Before the City Council asks for our vote on the ballot measure for housing density, we need more information.
The Council‘s proposal includes three seven-story and one eight-story high-rise.
This is for 2,700 new housing units. Doing some simple math, the four new buildings would provide 29 floors of units. (Dividing 2,700 (units) by 29 (floors) gives you 93 total floors or an average of about 23 housing units per floor.) What if the ground floor is commercial or an open “common” space. Either these will be very tiny units, or these buildings will be very large.
I’m curious about the total number of expected residences per building. In addition, how many (and which) buildings would have to be removed to make room for these buildings?
In order for voters to make informed decisions, we need to know:

  • How many parking spaces per residential unit are required by the plan, and how will the city ensure that the requirement is met and not ± without voter approval?

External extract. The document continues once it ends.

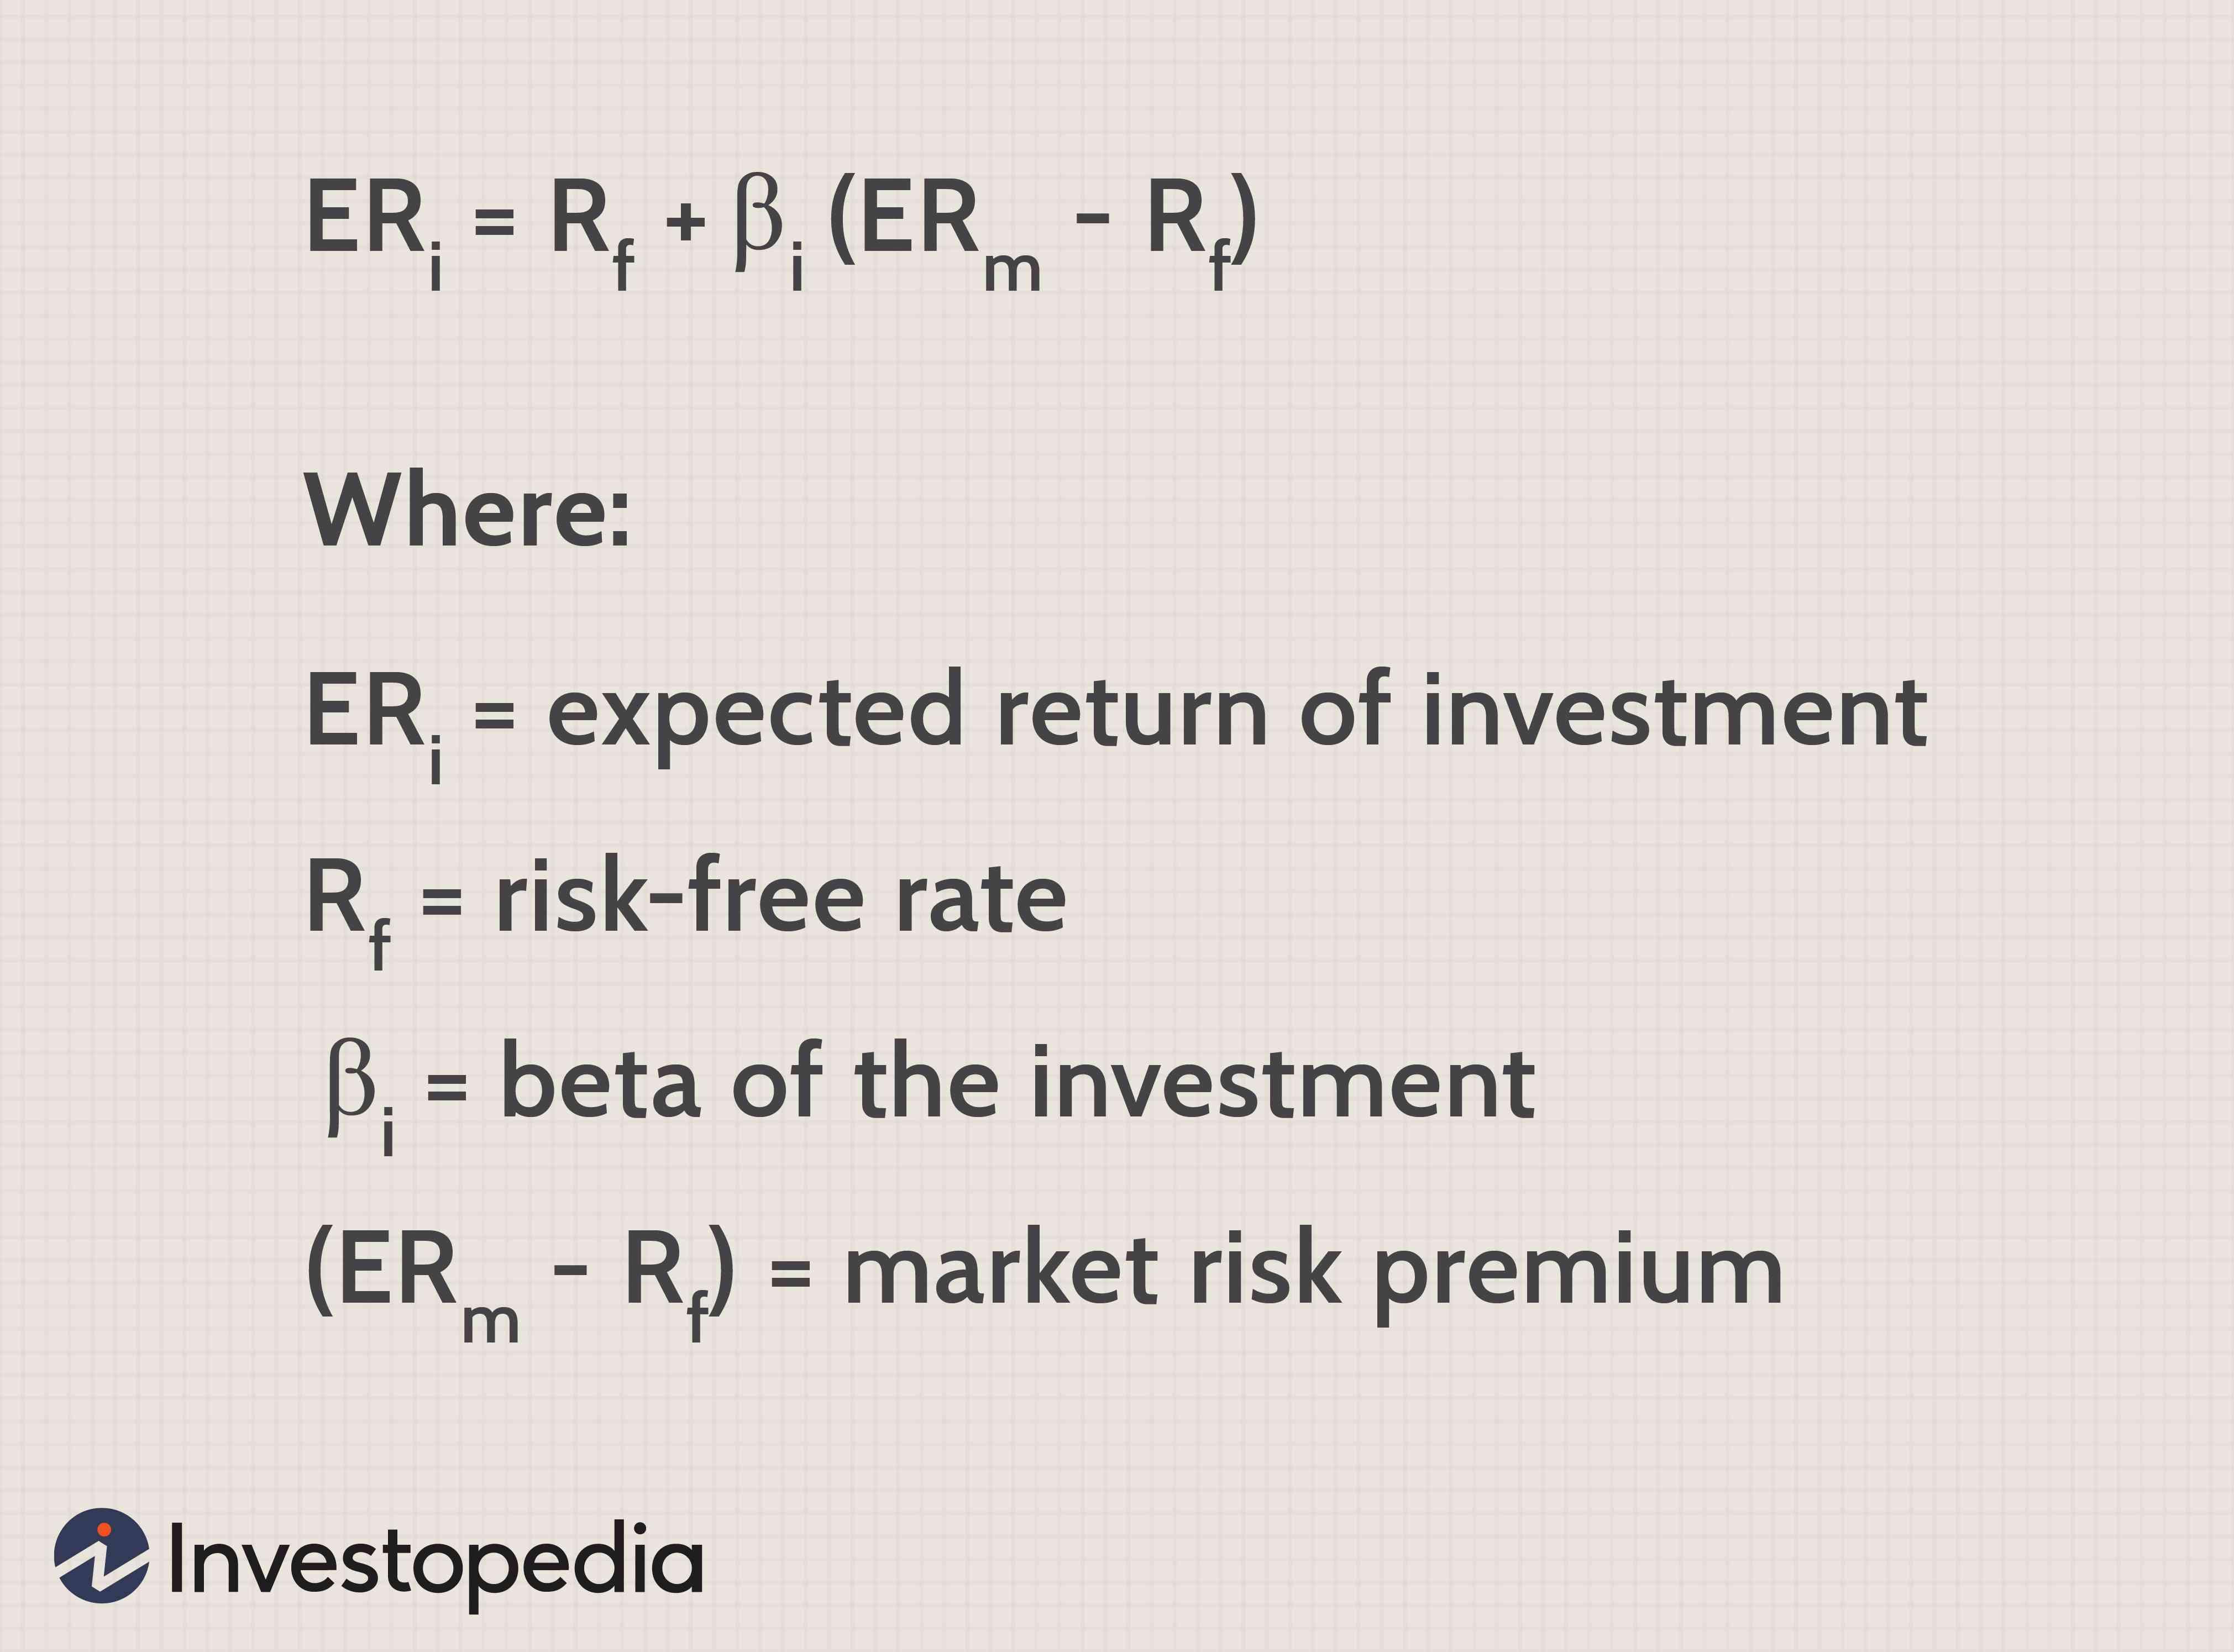 Investopedia model single index 1: A

  • How will the city handle the extra influx of that many cars?
  • How will this affect our streets for wear and tear?
  • What are the plans for controlling traffic flow, especially where traffic is already beyond capacity?
  • How will the schools handle the extra influx of students?

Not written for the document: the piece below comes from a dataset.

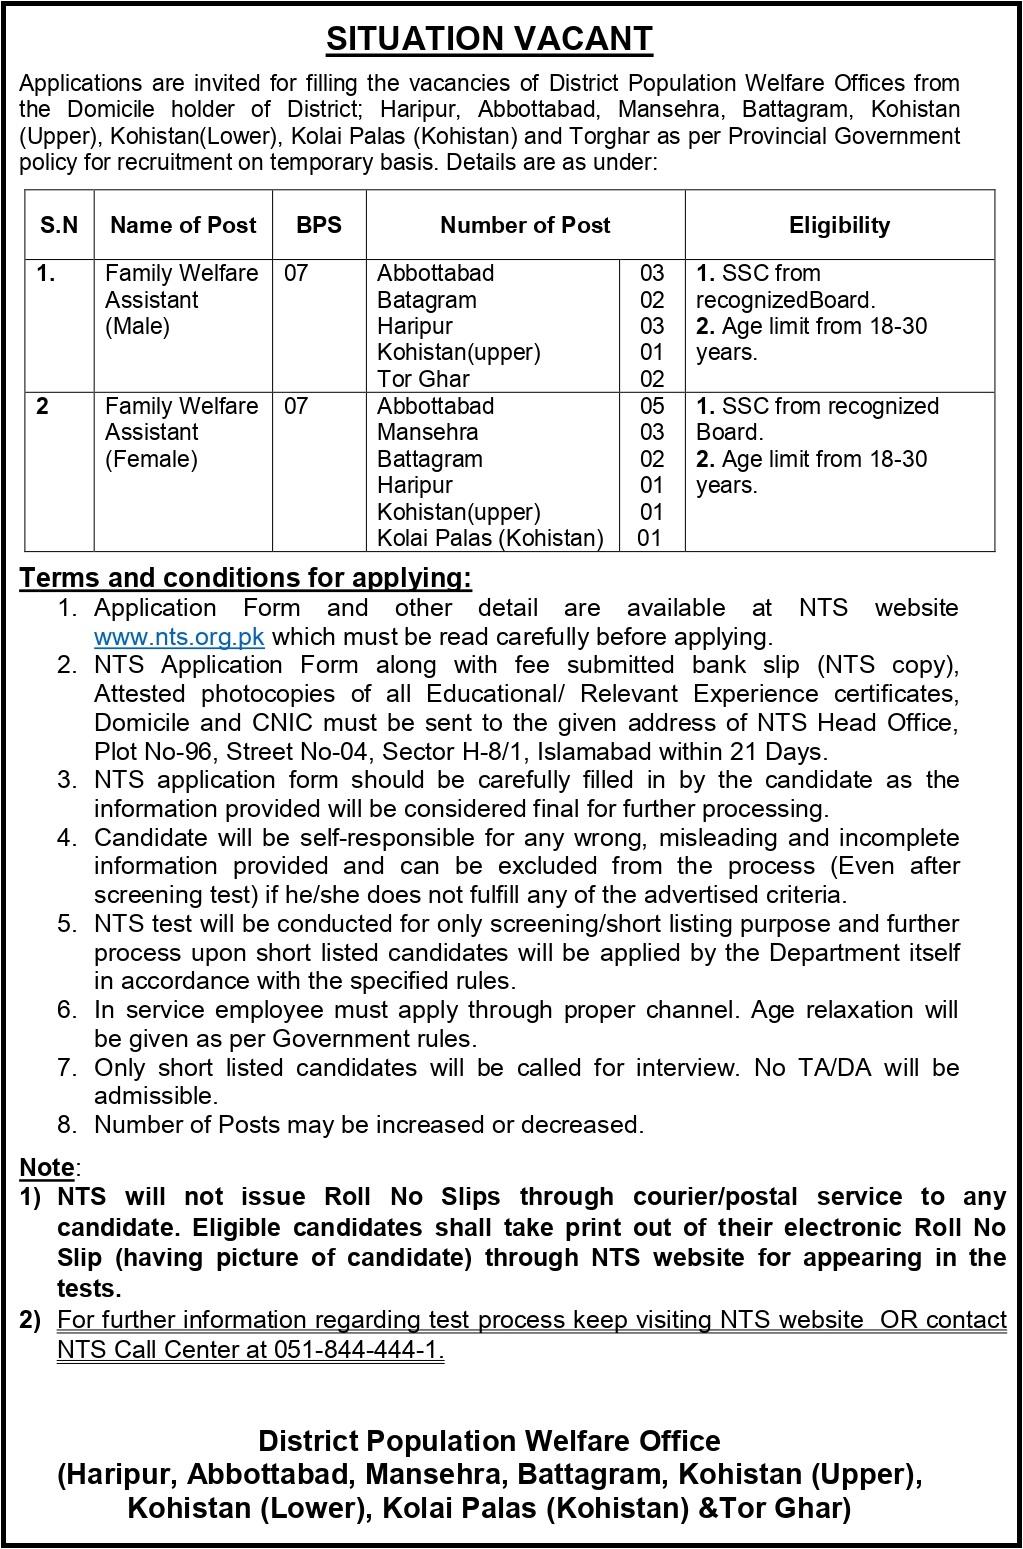 KPK District Population Welfare Department Jobs 2019 NTS Application Form Online

  • Does the city have water for this many units?
  • Can our sewer system handle this increase?
  • How many additional policemen and firemen would be needed?
  • Where will the expected costs for repairs and improvements to infrastructure and increased staffing, and where will the funds come from?
    According to an article that was published in the Review’s March 1 edition, “The city of South Pasadena’s spending will outpace its revenue by millions of dollars over the next five years …”
    Perhaps it is a “worst-case scenario” rather than an inevitability. Again, I understand we are under a state mandate for more housing. However, unpalatable choices must be made from a position of full knowledge and understanding, not from a superficial summary of the sort presented in another article from the Review’s April 19 edition, “Council Eyes Ballot Measure to Allow Housing Density.” If a decision is going to hit voters in their pocketbooks and in their quality of life, they are entitled to know exactly how, and what the city is doing to mitigate those effects.

Gary Coyne
South Pasadena

First published in the May 3 print issue of the South Pasadena Review.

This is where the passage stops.